# Bald Eagle with a hard right turn........



## EricD (Oct 12, 2010)

Another shot from the Eagle nest location. Here comes a heavy rght banking turn into the nest.
Shot 20 minutes after sunrise, had a little morning glow going.


----------



## jackiejay (Oct 12, 2010)

Magnificent shot beautiful bird.


----------



## petercanon (Oct 12, 2010)

i like that the bird has the twig in its talons. Patriotic


----------



## Derrel (Oct 12, 2010)

Excellent! Nest material gathering on a bald eagle--so,so cool!


----------



## Olcoot (Oct 12, 2010)

Superb image, Bravo!


----------



## HikinMike (Oct 12, 2010)

WOW!


----------



## Scatterbrained (Oct 12, 2010)

great shot!


----------



## Neil S. (Oct 12, 2010)

+1

+1

+1

lol

Ya its really great shot. 

Bravo! :thumbup:


----------



## Abby Rose (Oct 13, 2010)

I love all your pictures.


----------



## MSnowy (Oct 13, 2010)

great pic


----------



## 12sndsgood (Oct 13, 2010)

wow, very nice!


----------



## bigboi3 (Oct 13, 2010)

Amazing.  So much detail.


----------



## AverageJoe (Oct 13, 2010)

I didn't know they were vegetarians?

Nice shot.


----------



## icassell (Oct 13, 2010)

AverageJoe said:


> I didn't know they were vegetarians?
> 
> .



Nah.  Those twigs are for picking stubborn bits of rabbit out from between their teeth :lmao:


----------



## Amocholes (Oct 14, 2010)

icassell said:


> AverageJoe said:
> 
> 
> > I didn't know they were vegetarians?
> ...



They have teeth?:shock:


----------



## timethief (Oct 14, 2010)

impressive.


----------



## Nykon (Oct 20, 2010)

So Sweet!!!! LOVE it!


----------



## JWellman (Oct 20, 2010)

Absolutely love your photo!


----------



## Jacki (Oct 21, 2010)

Amocholes said:


> icassell said:
> 
> 
> > AverageJoe said:
> ...





Love the shot!
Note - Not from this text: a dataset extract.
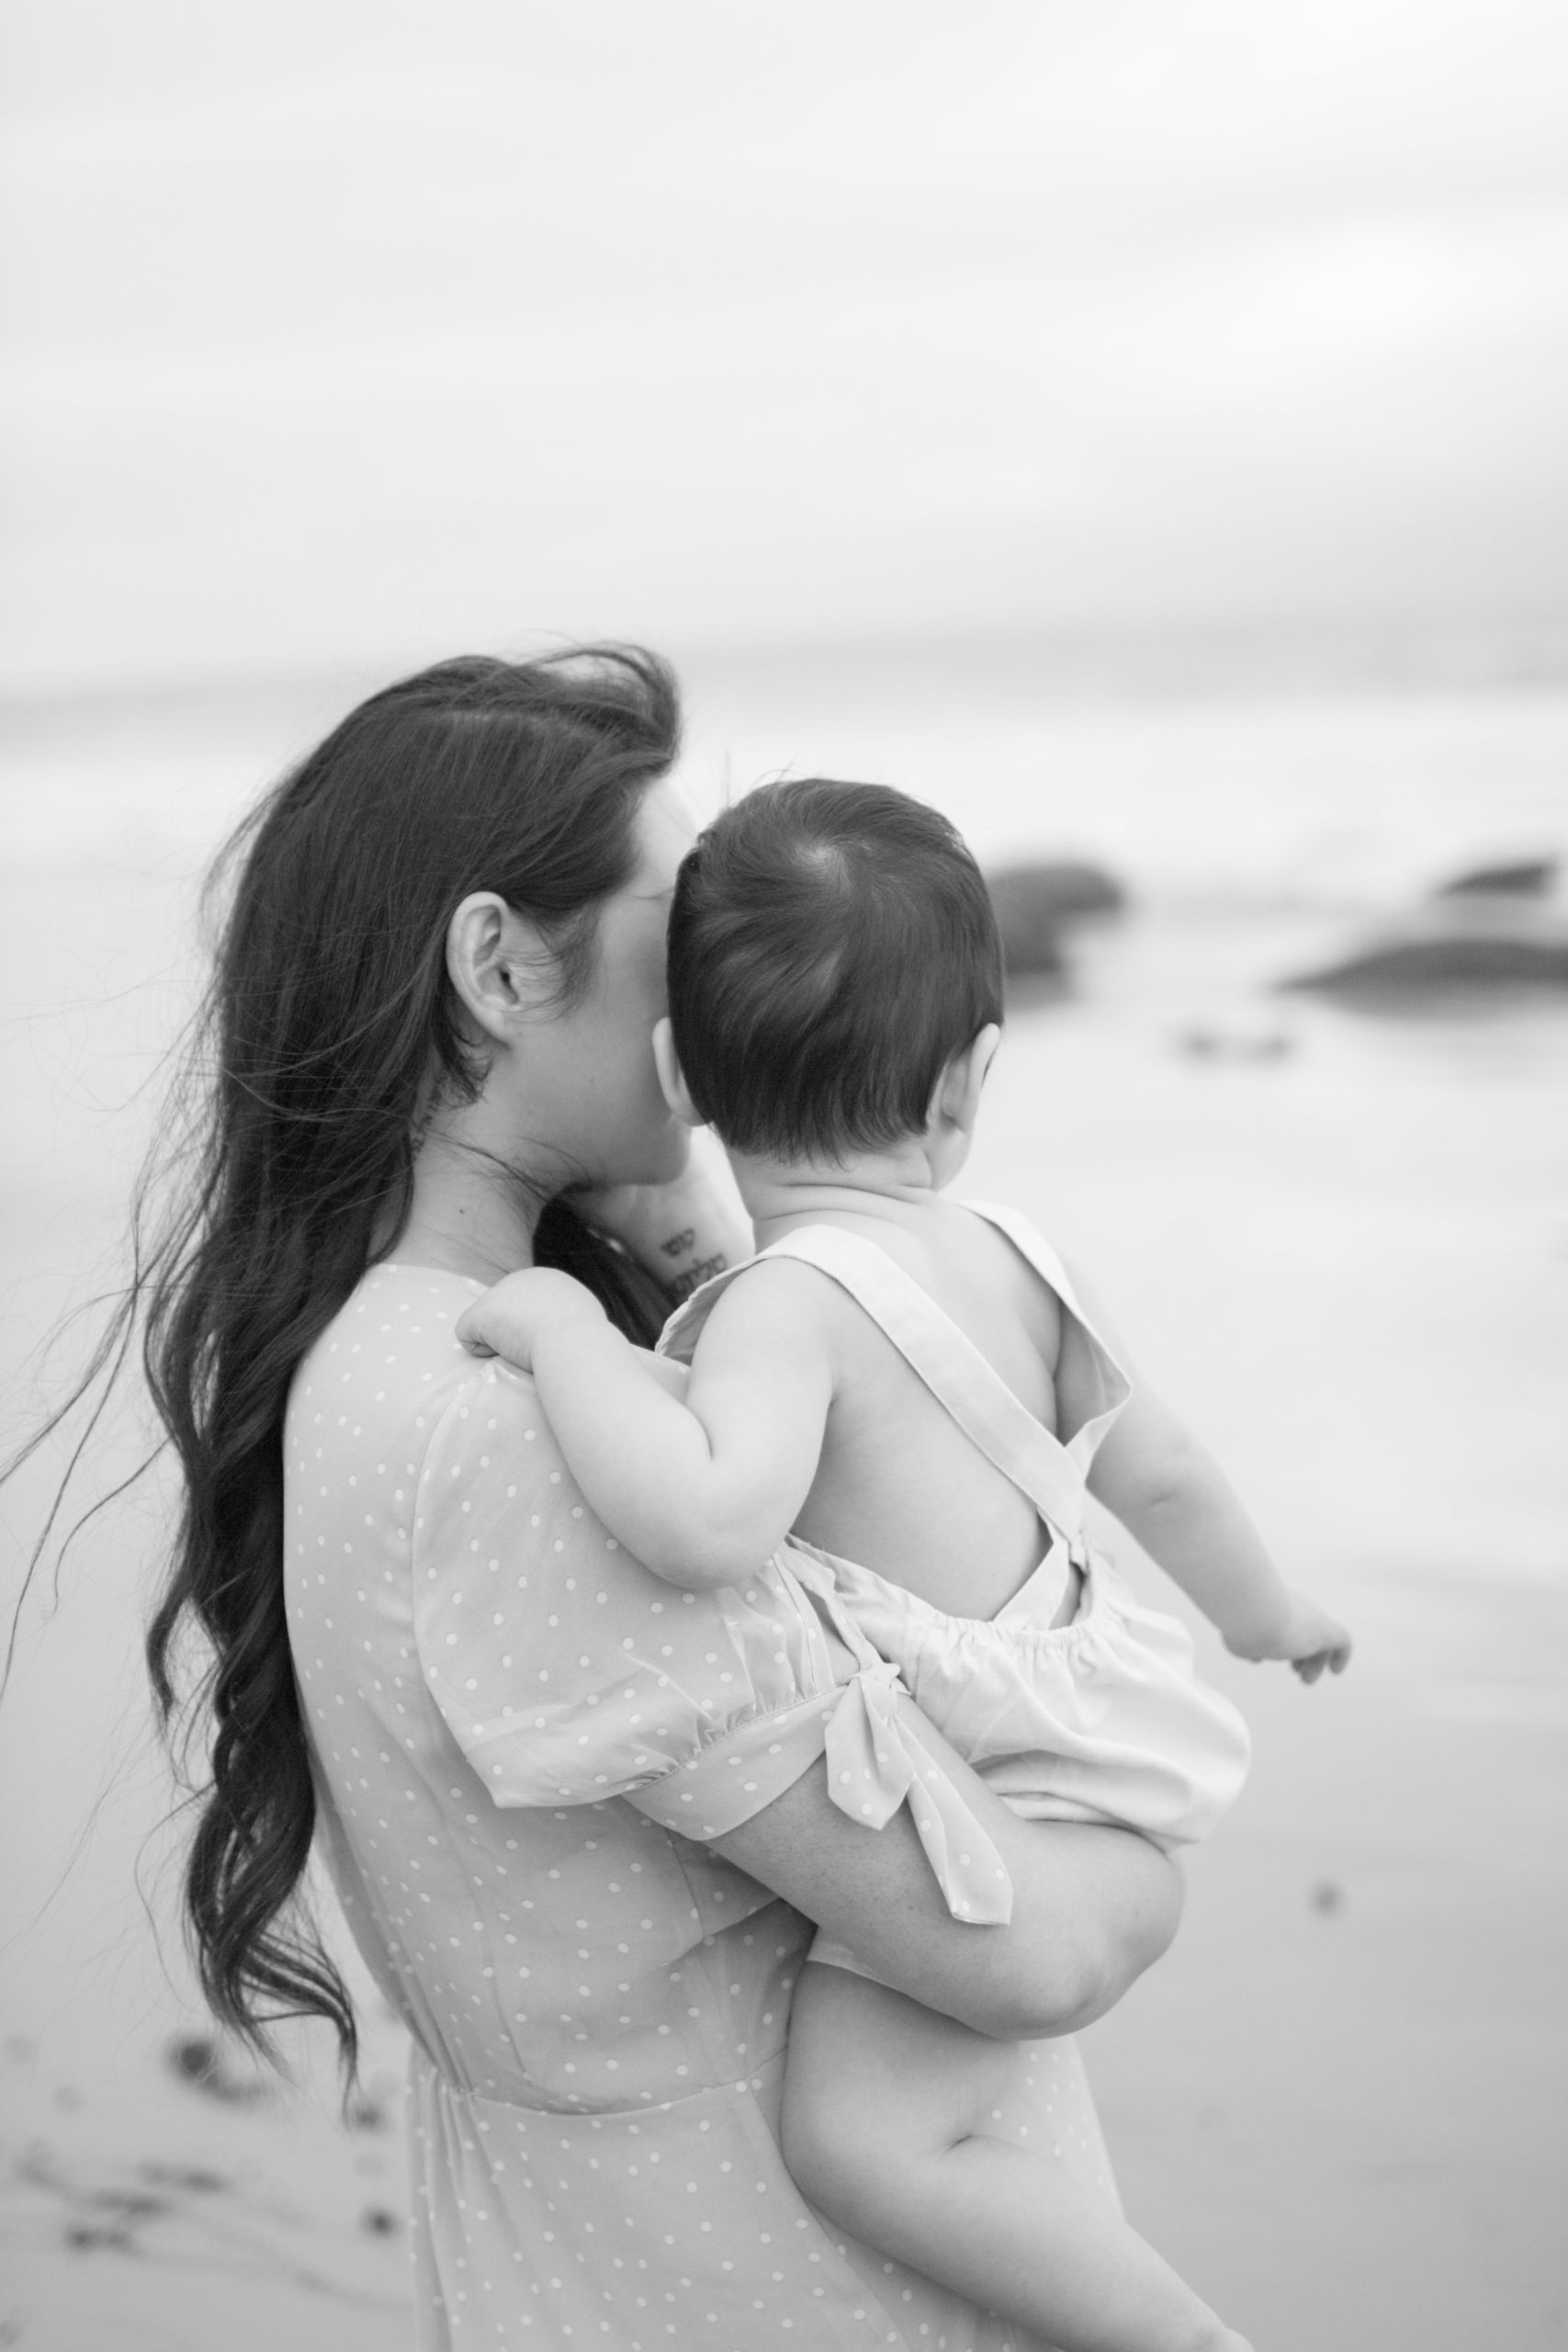 Honest Motherhood: Thoughts of Reality as a Photographer vs. Social Media

I really like that he has a branch in his toes, and the way the tips of the wings curve...nice!!! :thumbup:


----------



## corralup (Oct 21, 2010)

Sorry I have missed probably a whole series from you.  Is this one of the eagles from the cemetery?  Great pose, Eric!


----------



## Yellow Wagon (Oct 21, 2010)

amazing photo!


----------



## RPK617 (Oct 21, 2010)

Dayumn!!  Awesome photo of a beautifully majestic bird of prey


----------